来間島内に設置されたマイクログリッド運用設備

沖縄電力は、宮古島市内の来間島で系統用蓄電設備を活用した小規模電力網(マイクログリッド)を構築、宮古島本島と結ぶ主要電力系統から独立して運用する実証実験を2022年1月25日に開始した。マイクログリッドで災害時の停電時間の短縮や再生可能エネルギー電力の地産地消による燃料運搬費の低減に繋げる構えだ。

マイクログリッドは、戸建住宅や店舗などに設置した太陽光発電設備や蓄電設備などと系統用蓄電設備を効率的に運用し、島内の電力需要を賄うもの。

平常時は宮古島市と来間島を繋ぐ主要系統に流れる電力が極力0kWhになるよう系統用蓄電設備をEMS(エネルギー管理システム)で制御し、非常時は主要系統と切り離して系統用蓄電設備を自立運転させ、来間島内の発電設備の電力だけで電力需要を賄う。

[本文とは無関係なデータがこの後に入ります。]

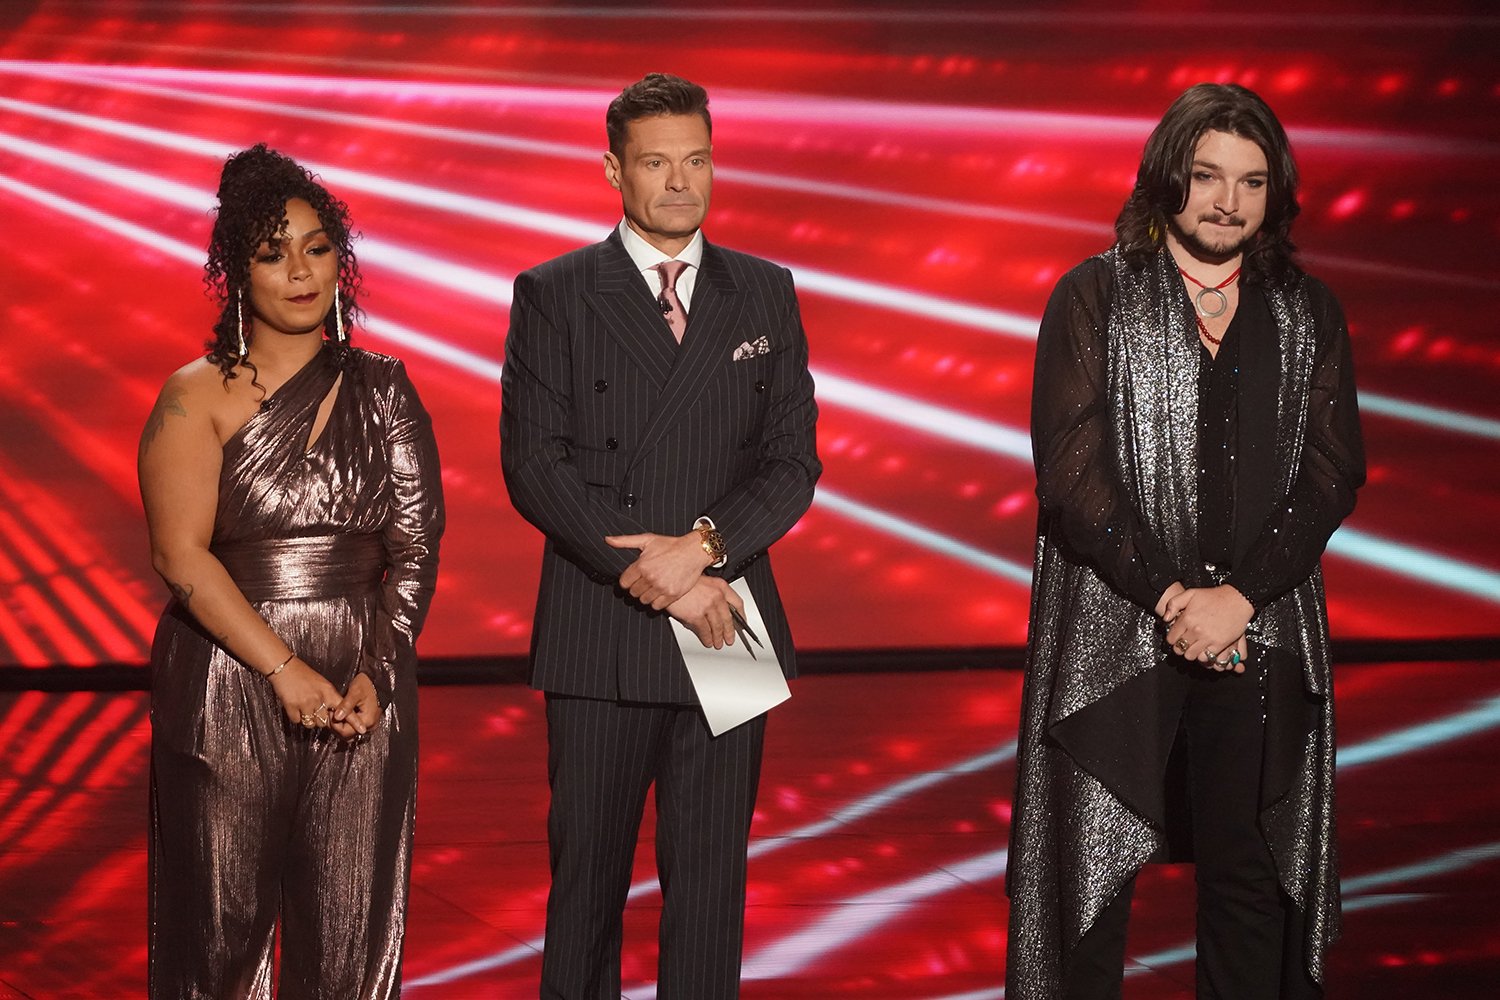 Lady K, Ryan Seacrest, and Tristen Gressett on stage on American Idol during the Top 10 results.

島内の世帯数は96世帯、人口は165人で、マイクログリッド構築エリアの電力需要は出力50~150kW程度だ。同社によれば、太陽光発電設備と蓄電設備などで需給調整を行えば、シミュレーション上は実証エリア内の使用電力量すべてを賄えるという。

実証実験にあたり、同社は、蓄電容量800kWhの系統用蓄電設備のほか、住宅や店舗に出力5.5‌kWの太陽光発電設備と蓄電容量5.6‌kWhの蓄電設備、住宅用ヒートポンプ給湯器をそれぞれ44台ずつ設置し、既設の出力380kWの太陽光発電設備も使う。経済産業省の補助事業に採択され、総事業費約4億3000万円のうち3分の2は補助金を活用した。

宮古島市と沖縄県内の企業で事業を行っており、宮古島未来エネルギーがPPA(電力売買契約)モデルで個々の太陽光発電設備や蓄電設備などを設置し、ネクステムズが個々の電力消費者側の需給調整を行う。沖縄電力研究開発部の島袋正道氏は、「系統全体の需給バランスを整えることに加え、停電などの不具合が起きたときに対応できるかを検証する。停電時の早期復旧、再エネの主力電源化に向かうなかで同事業に参画する意義は大きい」と語る。実証実験は5年間行う。